Answer 65 · 2020-03-03T07:03:59.000Z

Hi @tkipf , now I have a dataset consists of 10k small networks. The nodes of each network is 19 and all of them share a same adj matrix. That is to say, only the features of nodes are different among those networks. My task is to classify them into two categories. So I want to know whether the two methods ("global nodes" and "global pooling") are suitable in this case or not?
Thanks for your reply!

Answer 66 · 2021-01-22T17:53:31.000Z

This might be a dumb question but, how do you incorporate the loss function for the output pooling matrix? Base off the image are the outputs one hot encodings or actual class labels?
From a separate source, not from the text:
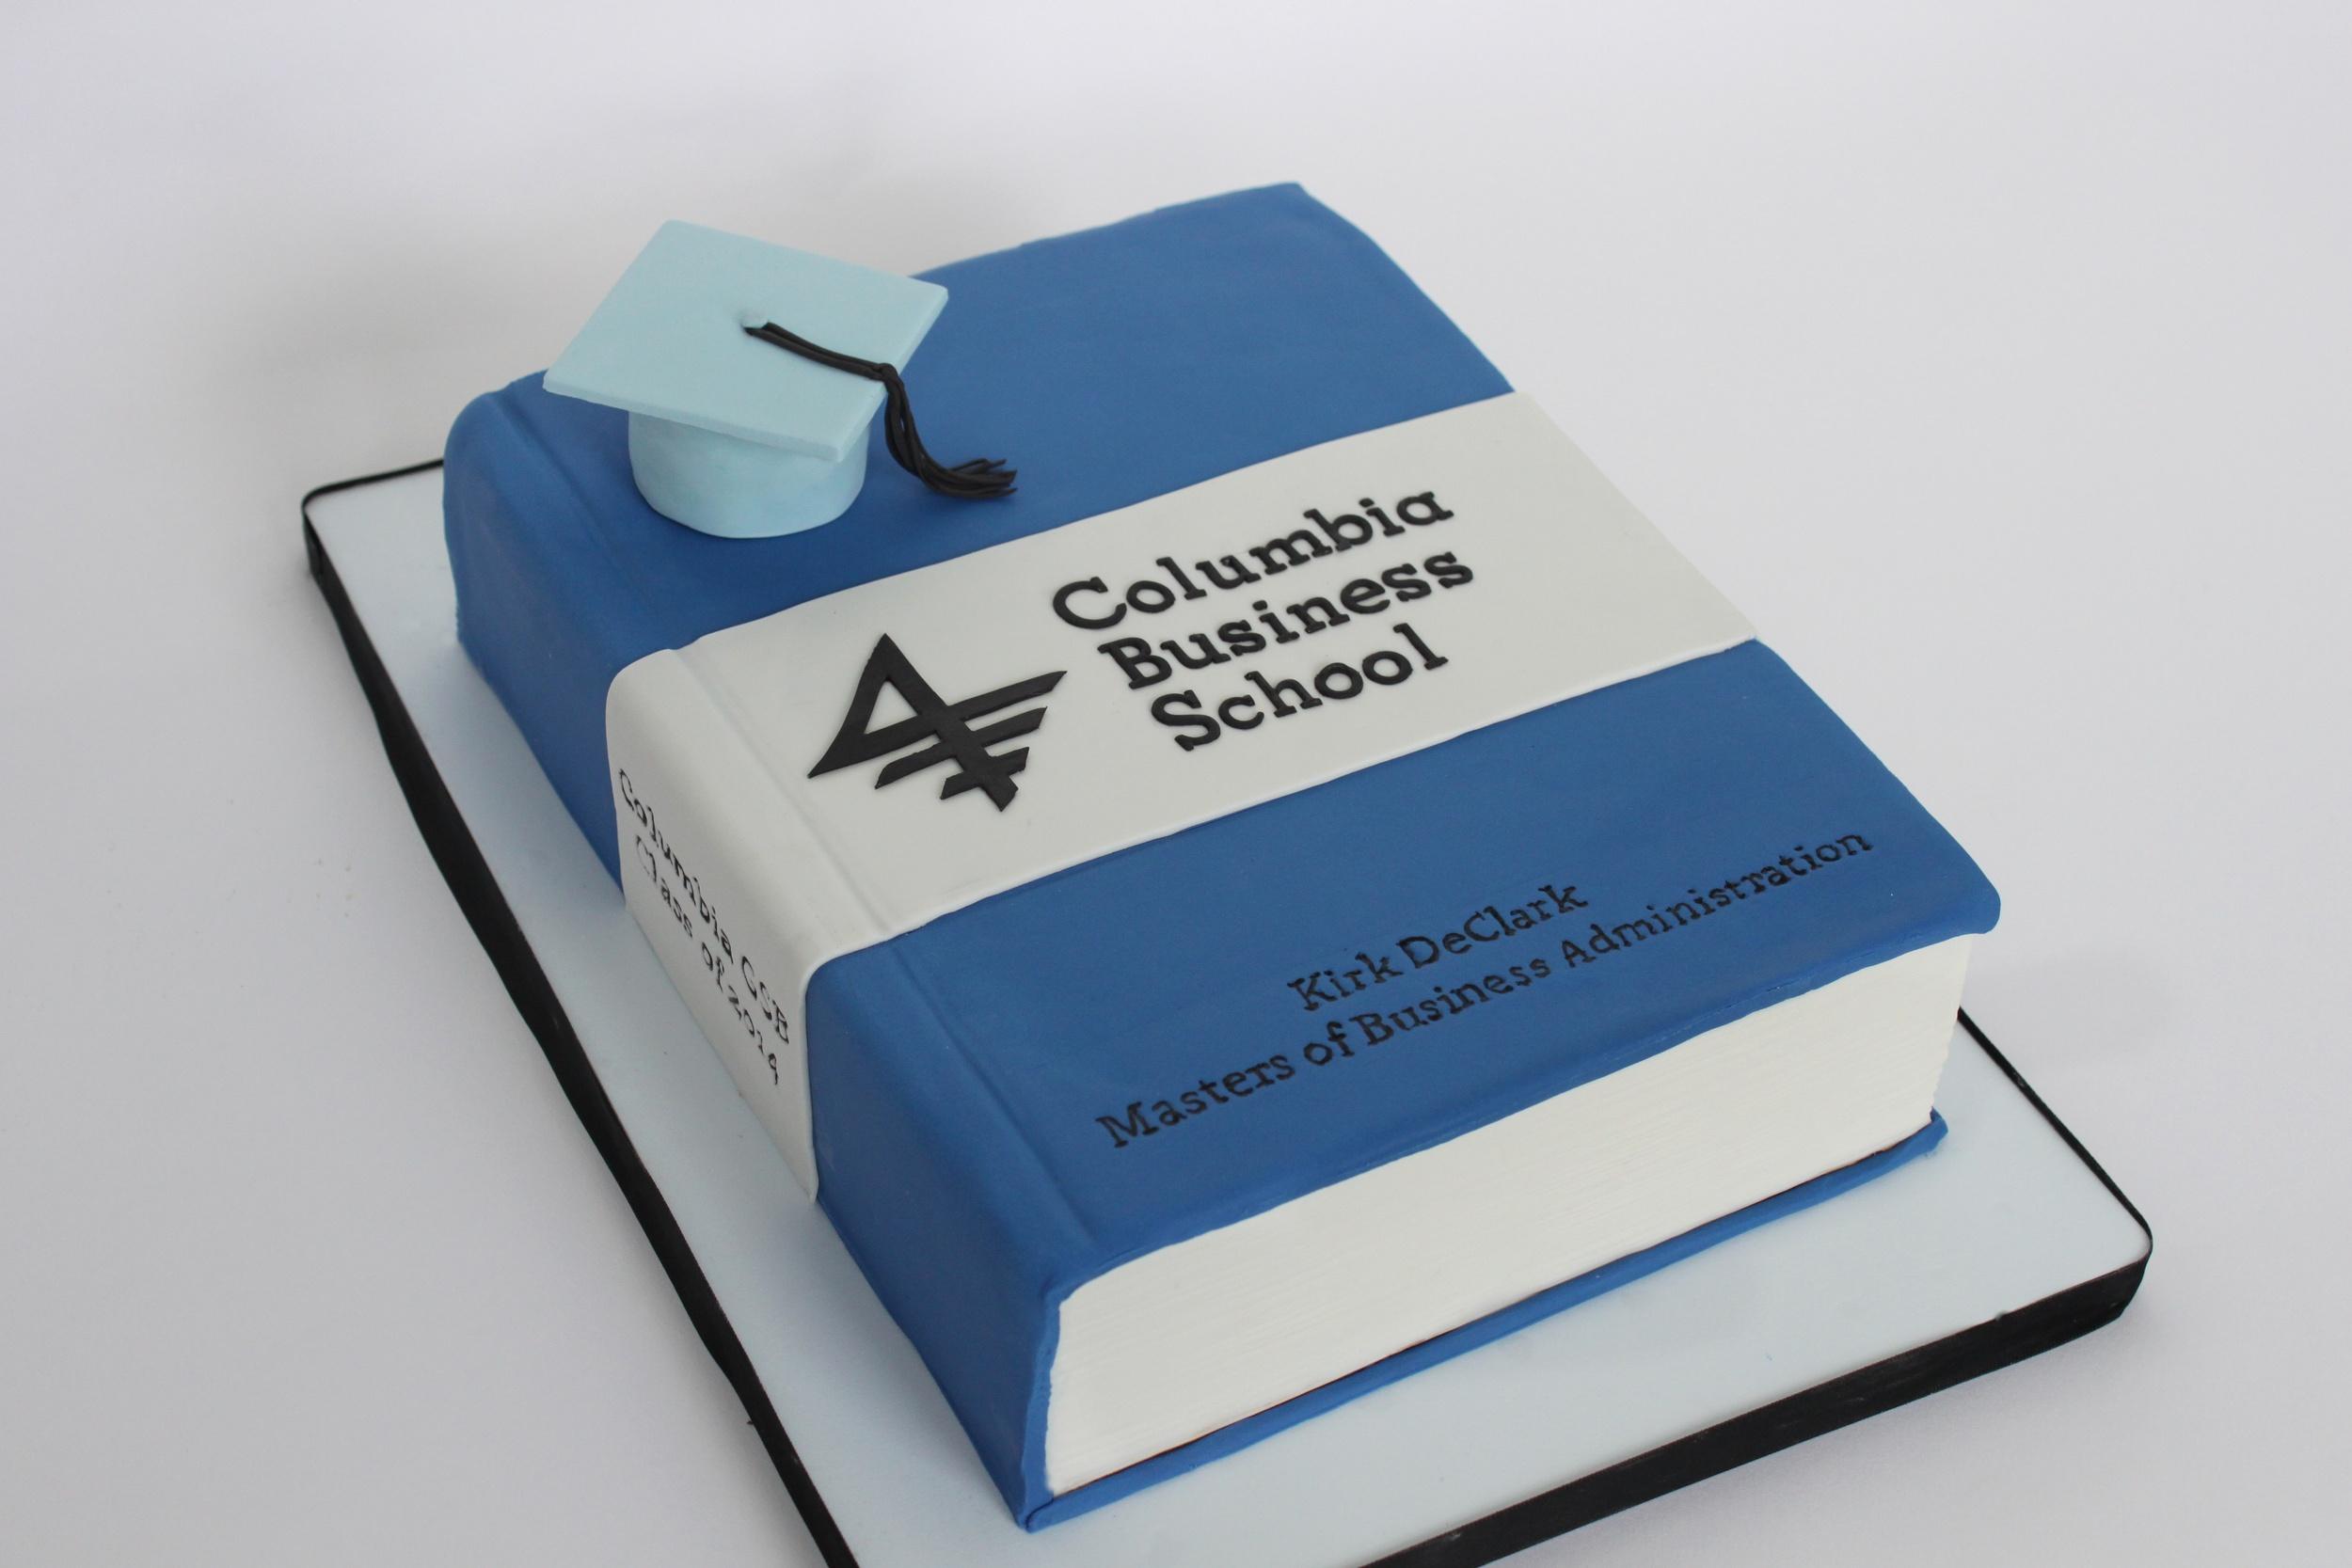 Columbia MBA book 9241.jpg

Answer 67 · 2024-02-13T12:11:41.000Z

Hi,
Your gcn batch operations are so great! It's used in the Graph Classification, but now, I want to use it in Node Classification. Do you think this is a feasible idea? Because I have a series of graphs, they have the same characteristic attribute.

Answer 68 · 2024-02-13T21:30:13.000Z

Thanks for your question! You can certainly use the same form of graph batching for node-level prediction tasks as well. You just need to skip the "output pooling matrix" step and directly apply your node classifier on top of the output of GCN(A, X). The block-diagonal structure of the adjacency matrix ensures that no information flows between different graphs.